To be sure, it’s an interesting story of a man dancing with genius as motivated by spite, and many have drawn parallels between this film and “Citizen Kane.” I can see where the comparison comes from, but I disagree with it. Zuckerberg’s no-longer-girlfriend is no Rosebud. And Fincher, as good of a director as he is, is no Orson Welles. There are no jaw dropping visual moments here, while Kane is littered with them. This leaves the connections, if in fact there are any, on the level of story parallels.

I struggled for a while after seeing THE SOCIAL NETWORK to figure out what specifically Fincher brought to the table as a director with a typically authorial tone, because to me, the film was much more an example of the work of Aaron Sorkin, its screenwriter, whose trademark razor-sharp dialogue is the highlight of this production. Upon further reflection, I can certainly recall that Fincher darkness, the shadowy, noir-like paranoia that make most of his great films so good. And yet despite all of Fincher’s talents as a director, I found myself struggling to believe that only he could deliver this film in such a manner while, in contrast, I can’t imagine anyone else having helmed “Seven,” “Fight Club” or “Zodiac.” There are some stylistic similarities, but not enough. I think filmgoers are being blinded by the fact that a great director has intersected with the cultural story of the moment. But I was much more entertained by the dialogue than by any directorial decision, camera set-up or editing choice.

If anything makes me happy about THE SOCIAL NETWORK, it’s that audiences now know Jesse Eisenberg, an actor I have been raving about for damn near a decade.
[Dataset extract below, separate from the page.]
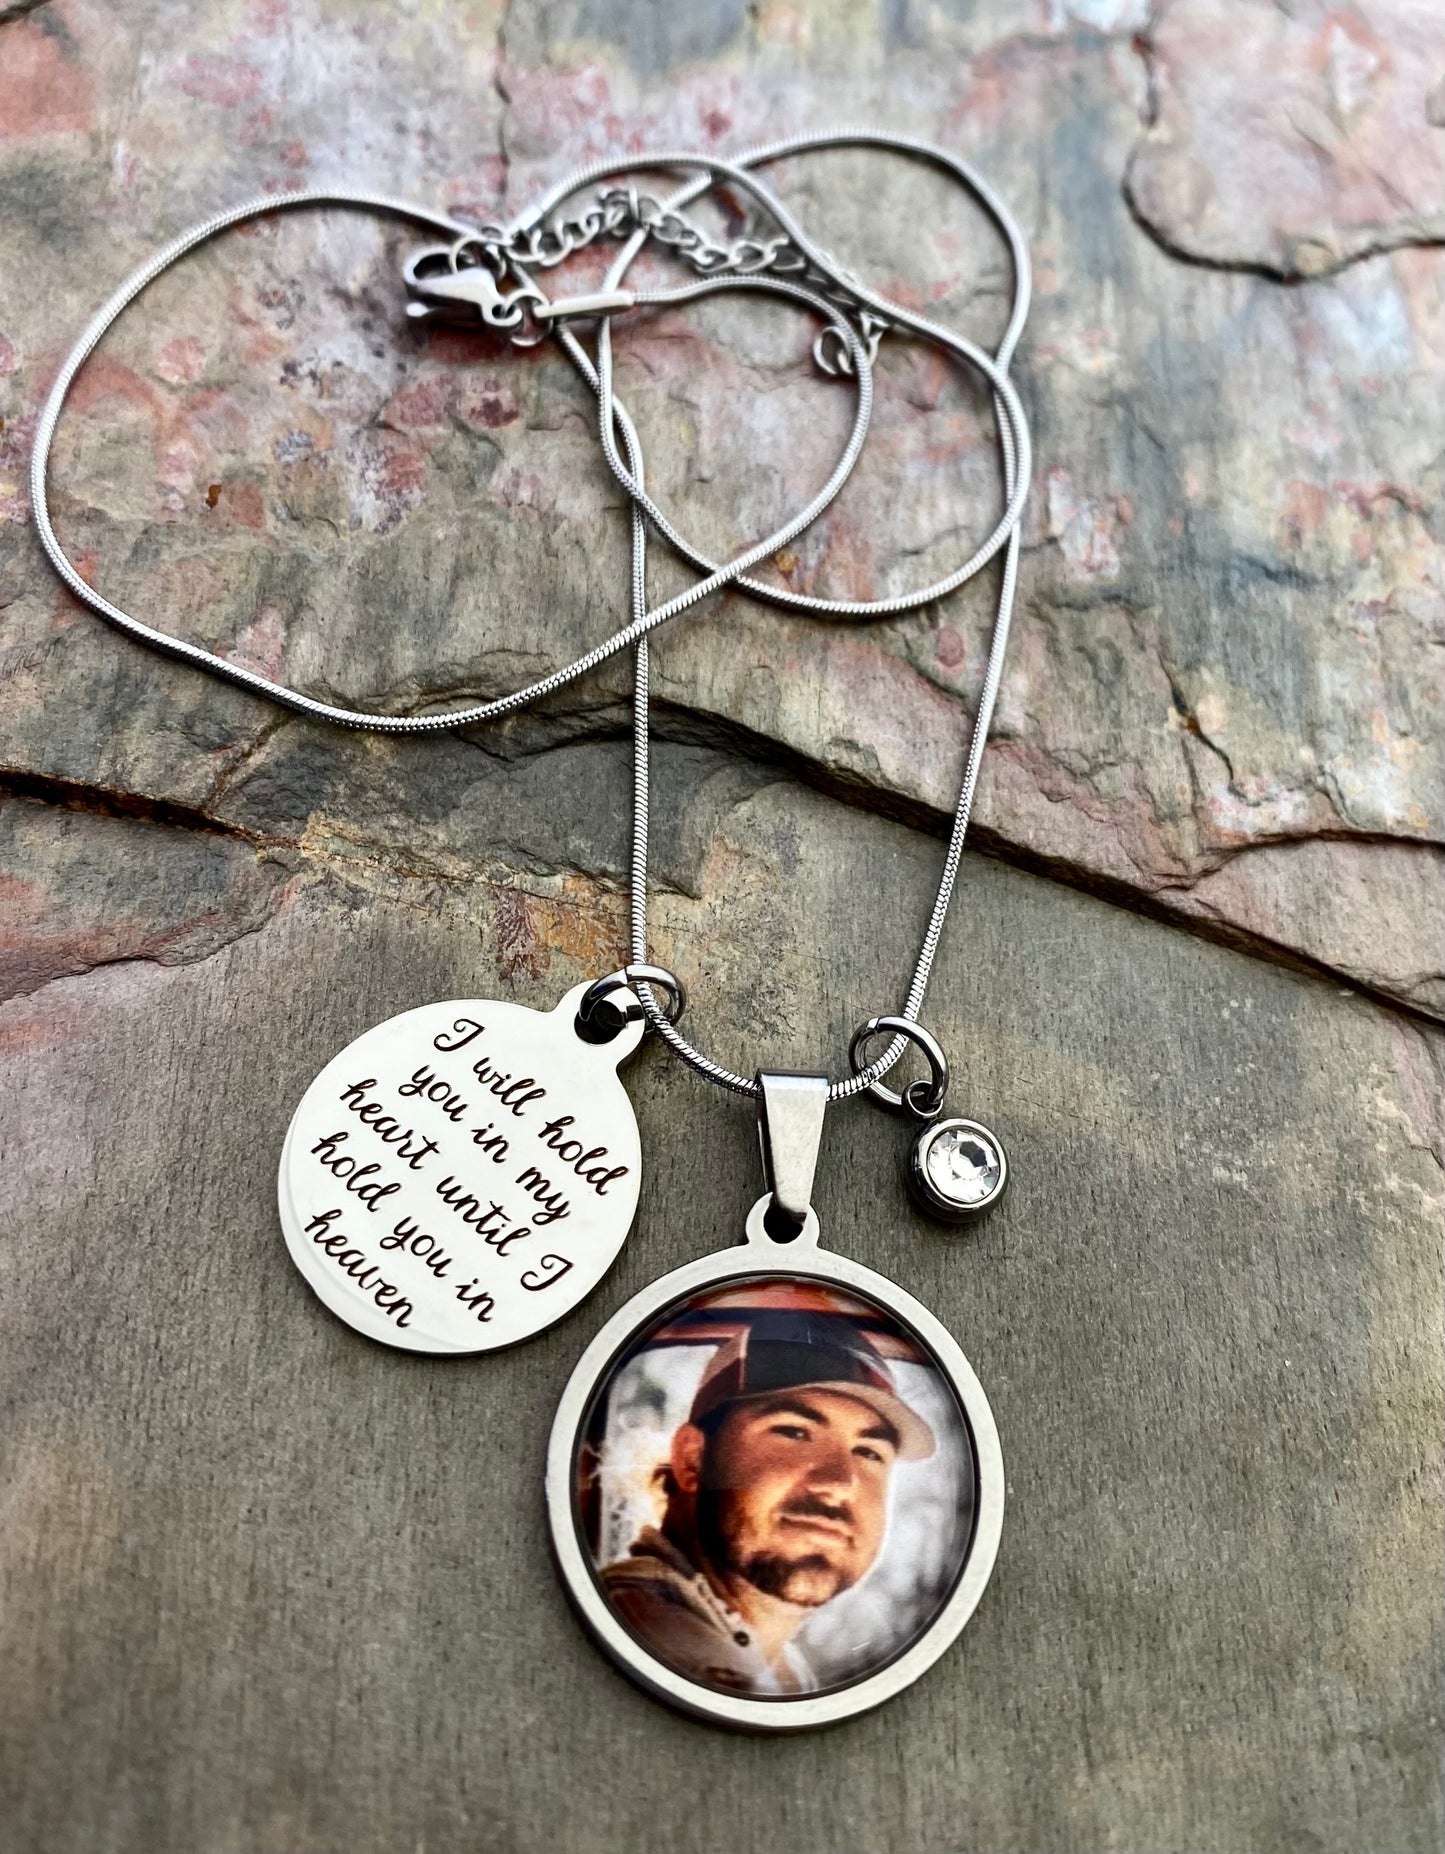 Memory Photo Necklace- I will hold you in my heart until I hold you in heaven

Eisenberg hit my radar all the way back in 2002 in his debut film role as the co-star of the brilliant and under-appreciated “Roger Dodger,” which would be on my list of favorite films of the past decade. His follow-up roles in films like “The Squid and the Whale,” “Adventureland” and “Zombieland” were some of the best things about those films, and it seems like with his role in THE SOCIAL NETWORK, the rest of America is finally catching up to him. Eisenberg is not, thank you very much, Michael Cera’s twin brother. What he is, though, is the perfect vehicle for Sorkin’s dialogue, as the film’s opening scene demonstrates. It’s a credit to Eisenberg alone, I think, that you never quite hate Zuckerberg even though logic tells you what an asshole he is.

Nothing about THE SOCIAL NETWORK is weak. The supporting cast—particularly the work of Andrew Garfield and Justin Timberlake—is memorable and realistic. The production values are stellar. And if the film racks up the accolades during the award season ahead, those kudos won’t be wholly unjustified.

But I’m going to stand out on a limb, perhaps alone, and look back on THE SOCIAL NETWORK as solid film entertainment as opposed to the second coming. I enjoyed it very much, but I thought it could have been so much more. Four-star films are movies that couldn’t be better. Three-star movies are quality entertainment and memorable pieces of film craft. THE SOCIAL NETWORK is the latter.